Hard Preemption - The (typically default) preemption process in which
higher numeric priority TE LSPs are intrusively displaced at the
point of preemption by lower numeric priority TE LSPs. In hard
preemption the TE LSP is torn down before reestablishment.
3. Motivations
Initially Multiprotocol Label Switching (MPLS) RSVP-TE [RFC3209] was
defined supporting only one method of TE LSP preemption which
immediately tears down TE LSPs, disregarding the preempted in-transit
traffic. This simple but abrupt process nearly guarantees preempted
traffic will be discarded, if only briefly, until the RSVP Path Error
message reaches and is processed by the ingress LER and a new data
path can be established. The Error Code and Error Values carried
within the RSVP Path Error message to report a preemption action are
documented in [I-D.ietf-mpls-3209-patherr]. Note that such
preemption is also referred to as a fatal error in
[I-D.ietf-mpls-3209-patherr]. In cases of actual resource contention
this might be helpful, however preemption may be triggered by mere
reservation contention and reservations may not reflect data plane
contention up to the moment.

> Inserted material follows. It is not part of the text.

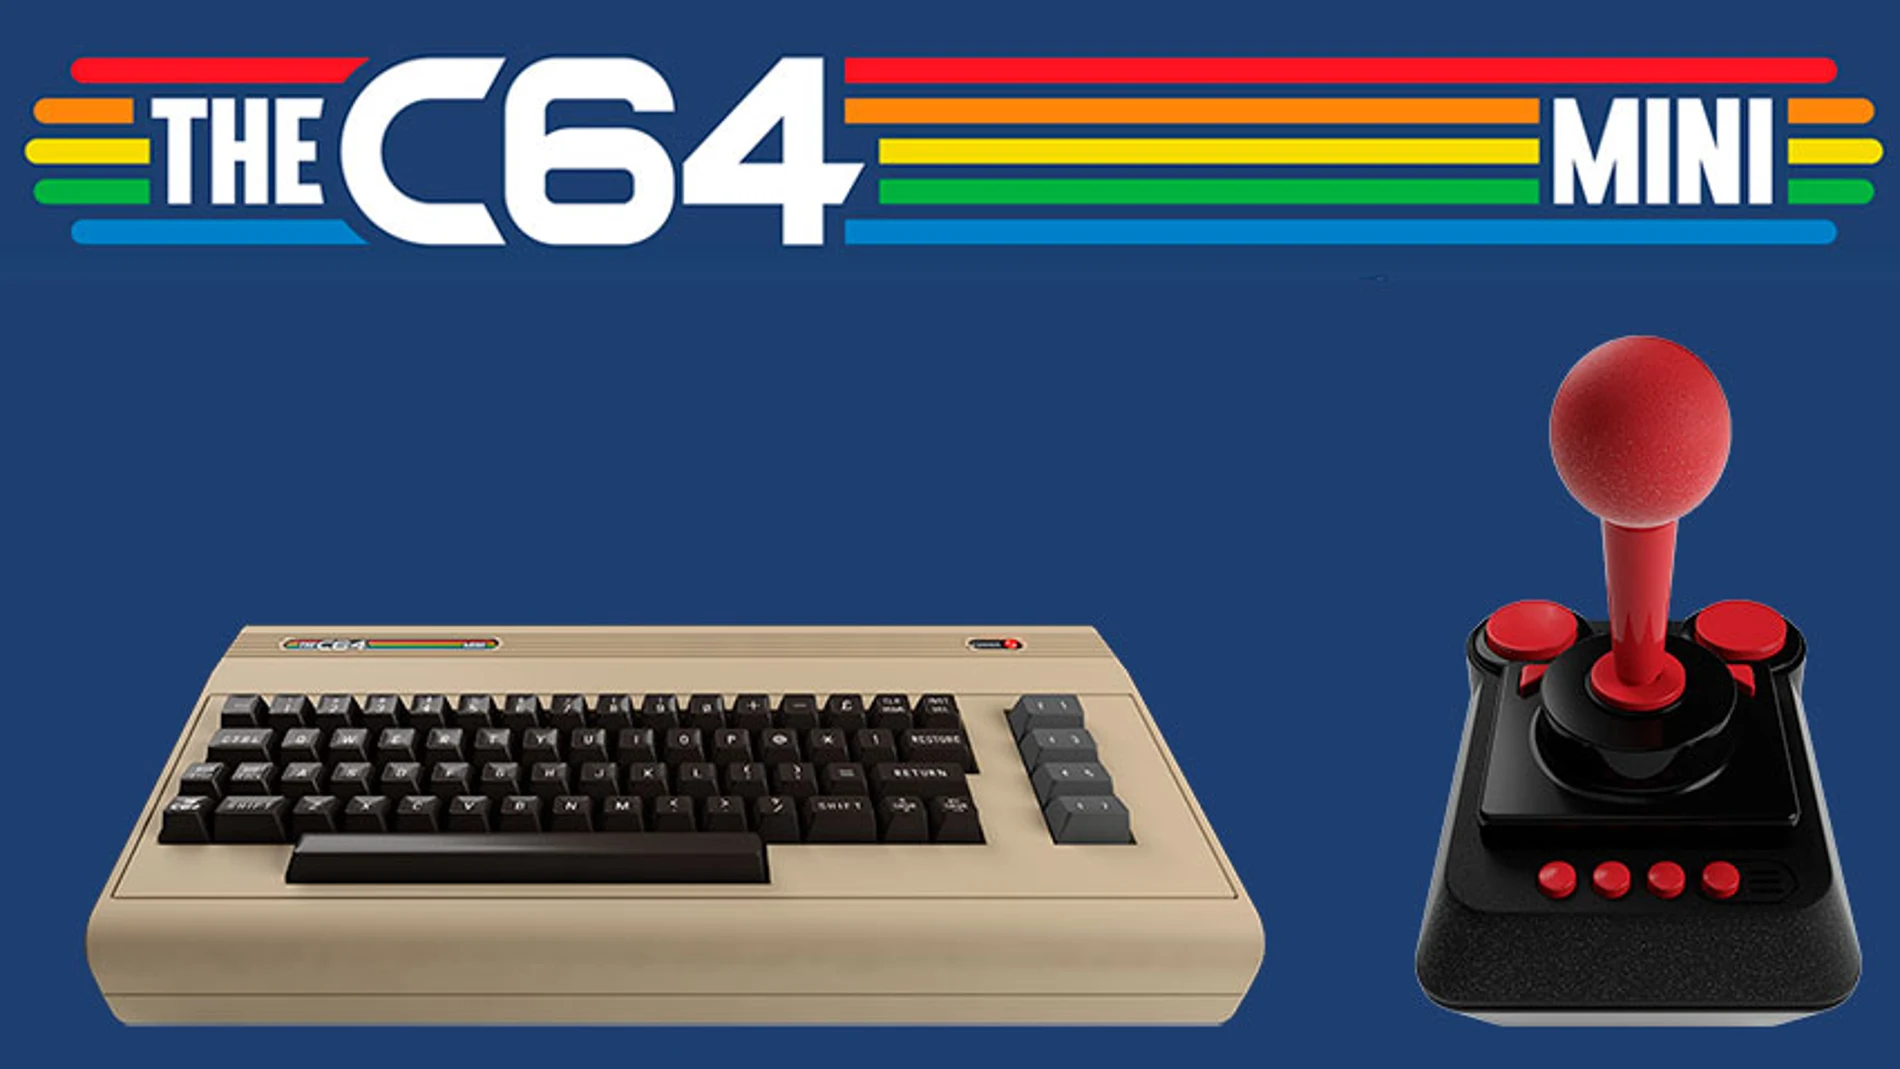 Descubre todas las características de THEC64 Mini, la nueva versión del Commodore 64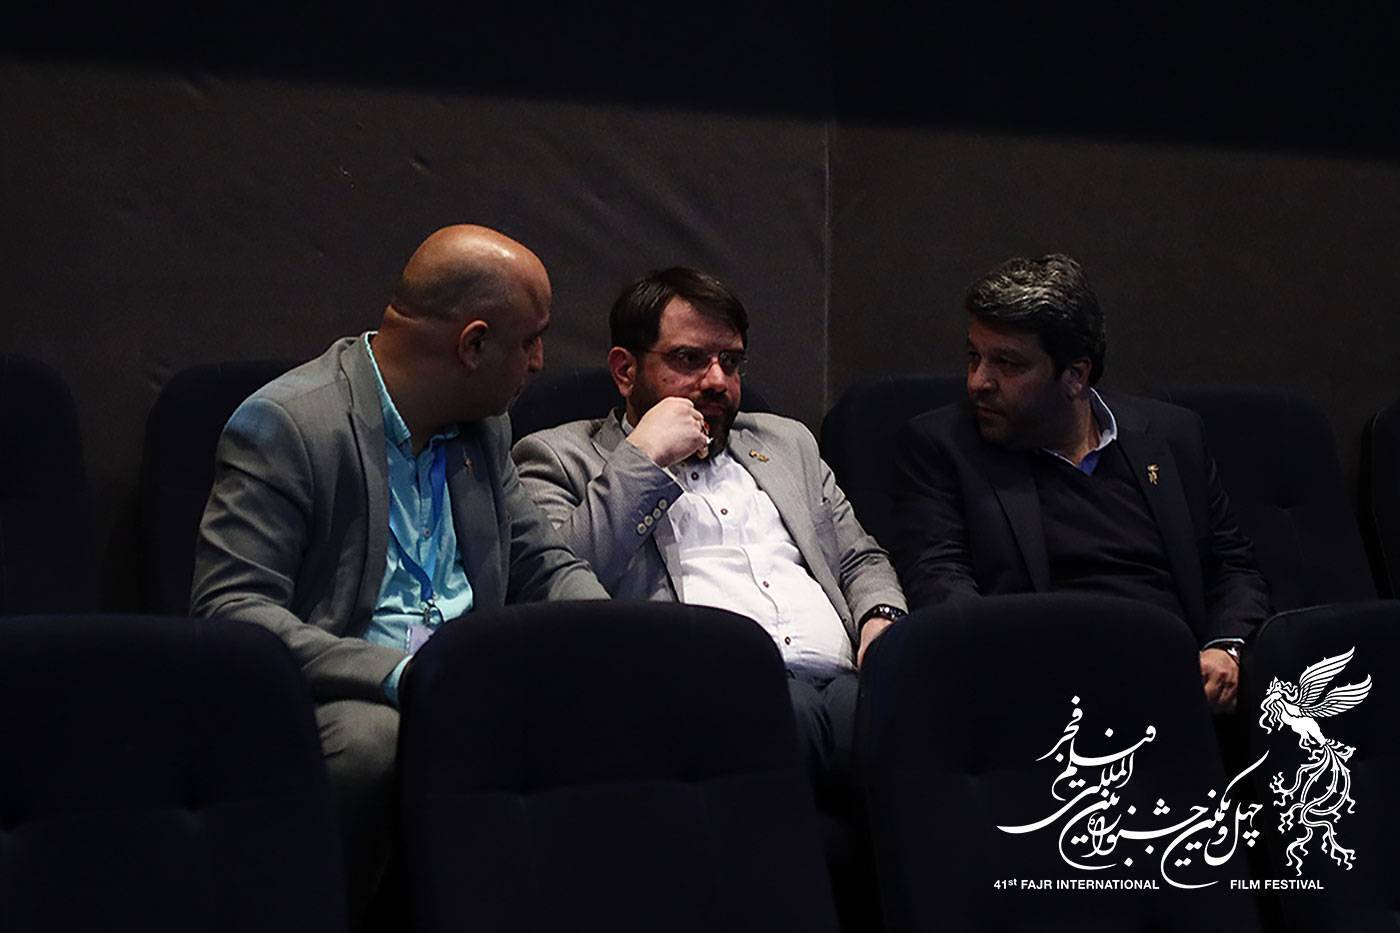 در انتظار کت چرمی با جواد عزتی و بعد از رفتن با صابر ابر / توجیه دبیر جشنواره درباره عدم اعلام داوران بخش ملی

The result is that when conditions that
promote preemption exist and hard preemption is the default behavior,
inferior priority preempted traffic may be needlessly discarded when
sufficient bandwidth exists for both the preempted Traffic
Engineering Labeled Switched Path (TE LSP) and the preempting TE
LSP(s).
Hard preemption may be a requirement to protect numerically lower
preemption priority traffic in a non Diff-Serv enabled architecture,
but in a Diff-Serv enabled architecture, one need not rely
exclusively upon preemption to enforce a preference for the most
valued traffic since the marking and queuing disciplines should
already be aligned for those purposes. Moreover, even in non Diff-
Serv aware networks, depending on the TE LSP sizing rules (imagine
all LSPs are sized at double their observed traffic level),
reservation contention may not accurately reflect the potential for
data plane congestion.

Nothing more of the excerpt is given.